Processes will not refrigerate themselves immediately; they must first get
to a point where they hold no important resources. Sometimes, a process
must get something from another process before it can be refrigerated; the
example that is often raised is a process waiting for a response from an
NFS server process. If the NFS server is refrigerated first, the other
process will never get to where it can be frozen, and the suspend operation
will fail. To avoid this sort of situation, the swsusp2 developers have
gone to great lengths to identify places where a process should not, yet, be
refrigerated. The result is a great many macros with names like
SWSUSP_ACTIVITY_STARTING sprinkled widely though the code. If
software suspend is not configured into the kernel, these macros simply
vanish, so the actual changes to the core kernel are smaller than a look at
a simple diffstat listing would indicate. Swsusp2 remains a large patch,
however.
Nigel has offered to provide a version of swsusp2 which lacks the intrusive
refrigerator changes, though he warns that it will eventually become clear
that those changes are needed.
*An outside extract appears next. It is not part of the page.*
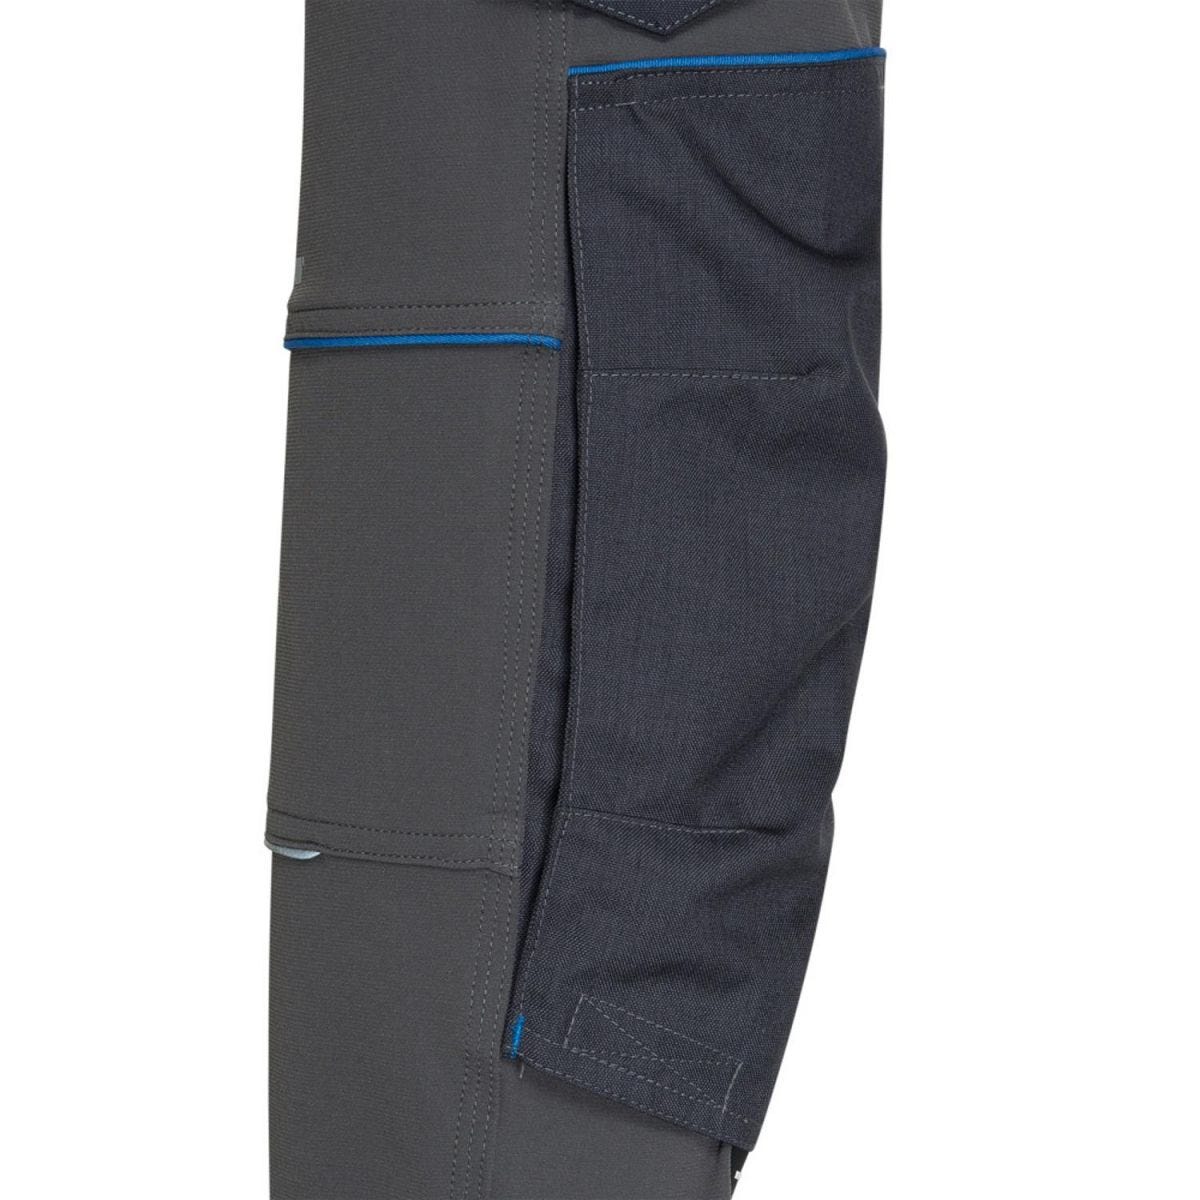 Pantalon de travail SACHA gris/bleu - North Ways - Taille 54 4
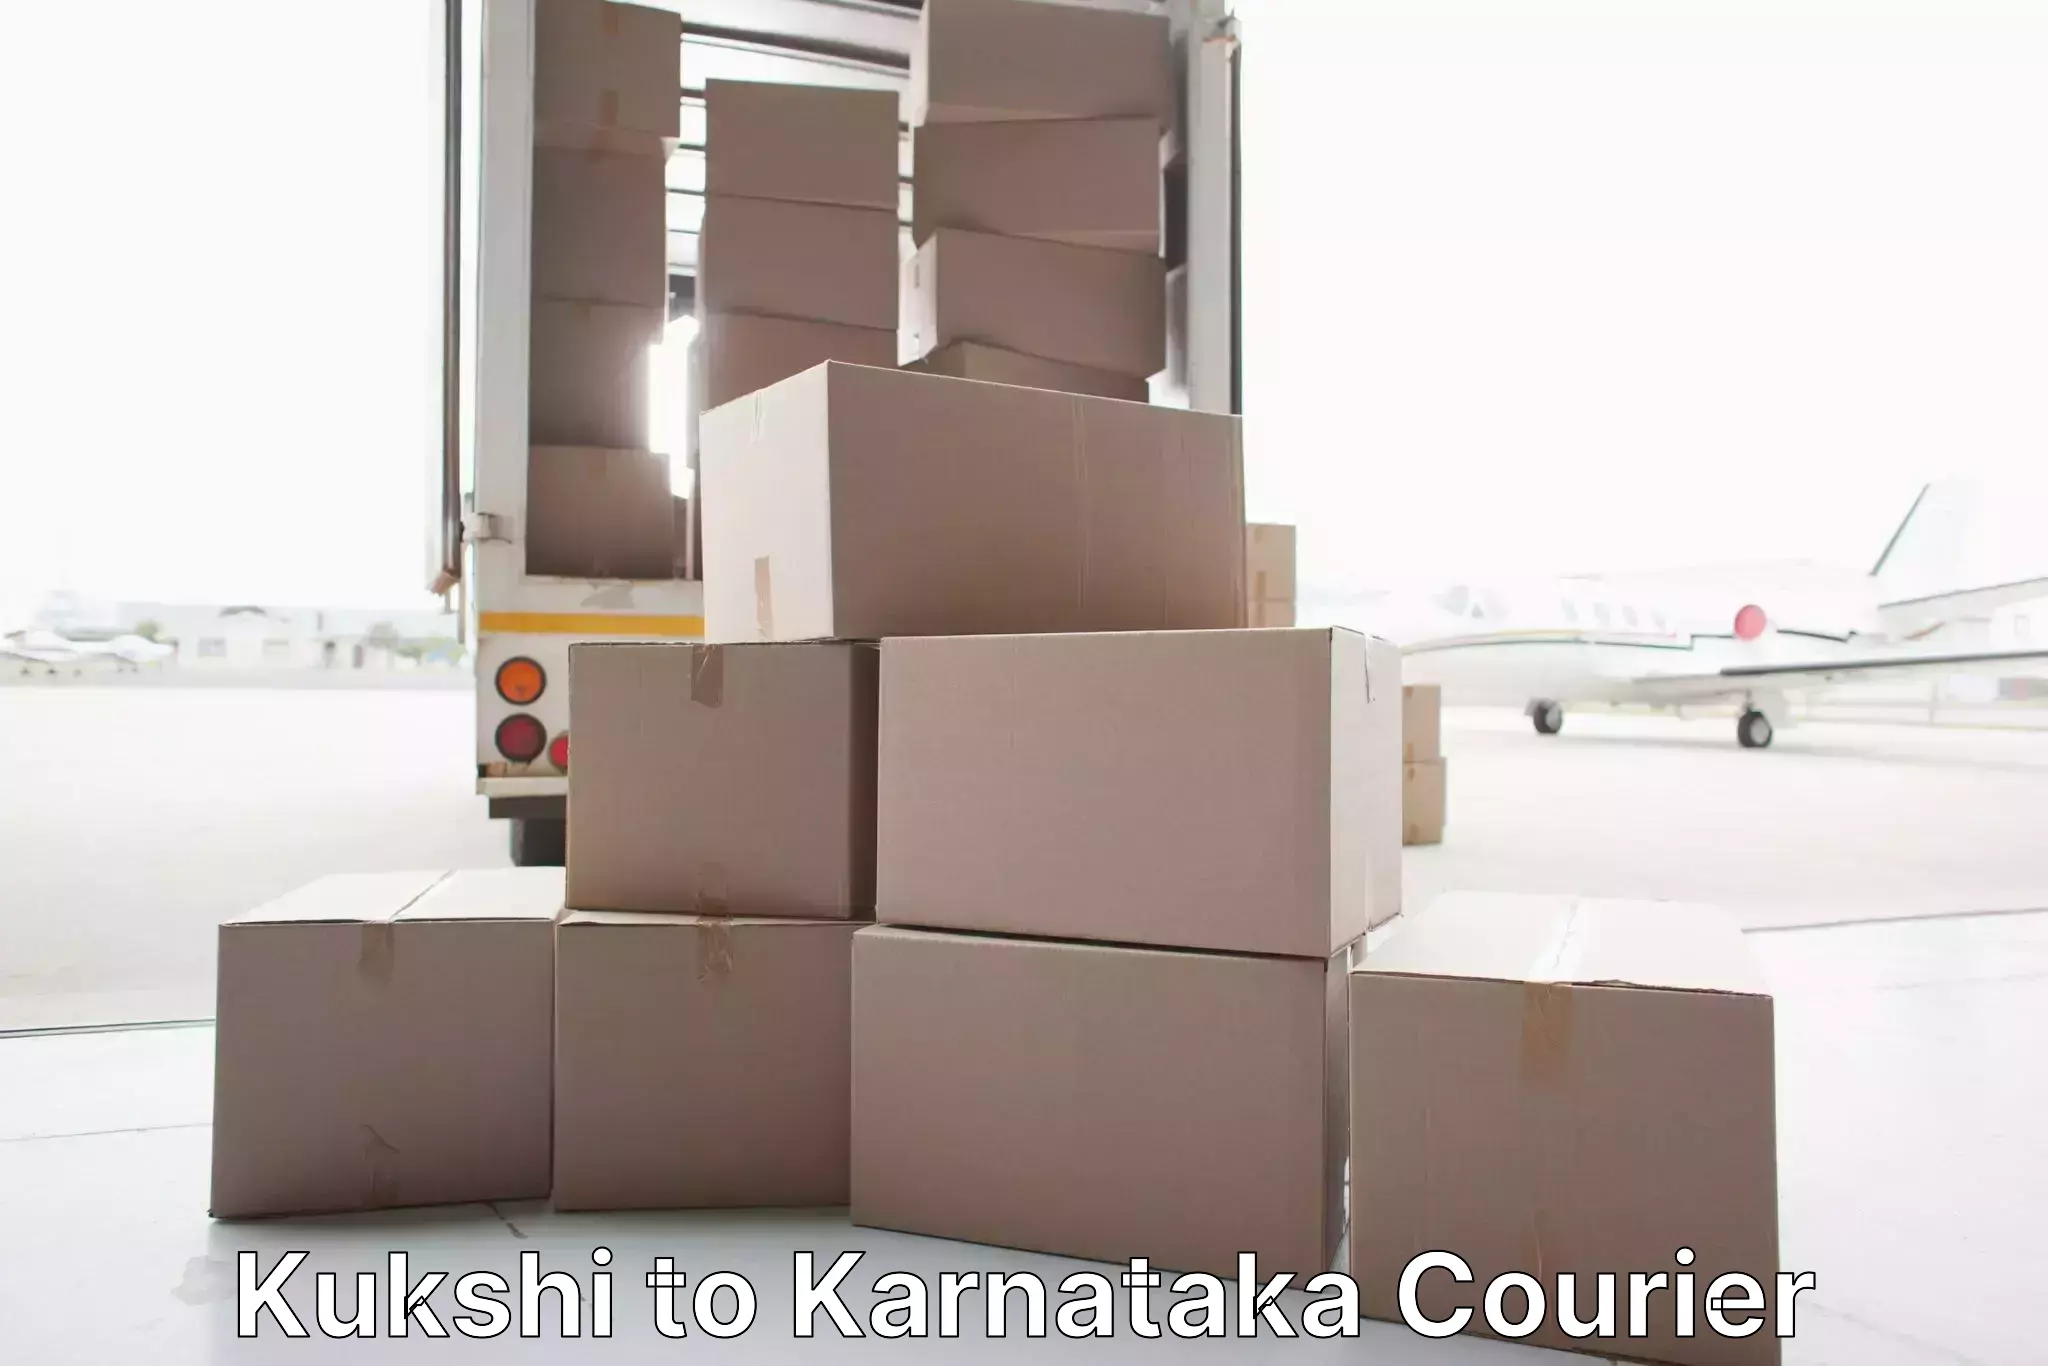 Professional moving company Kukshi to Mangalore Port

Andrew Morton has indicated that this would be a step in the
right direction, but he is asking for more:
Even happier would be a series of small, well explained patches
which bring swsusp into a final shape upon which more than one
developer actually agrees.
These wholesale replacements and deletions are an indication that
something has gone wrong with the development process here.
What clearly needs to happen is that the swsusp2 work needs to be broken
down into a long series of patches of the type that the kernel developers
like to see: small and focused. That will be a significant effort, and
the swsusp2 developers appear to lack the time to do that anytime soon.
Now, perhaps, is the time for people who are concerned about a working
software suspend solution (which Linux really does need) to get together to
bring an end to the current, confused situation.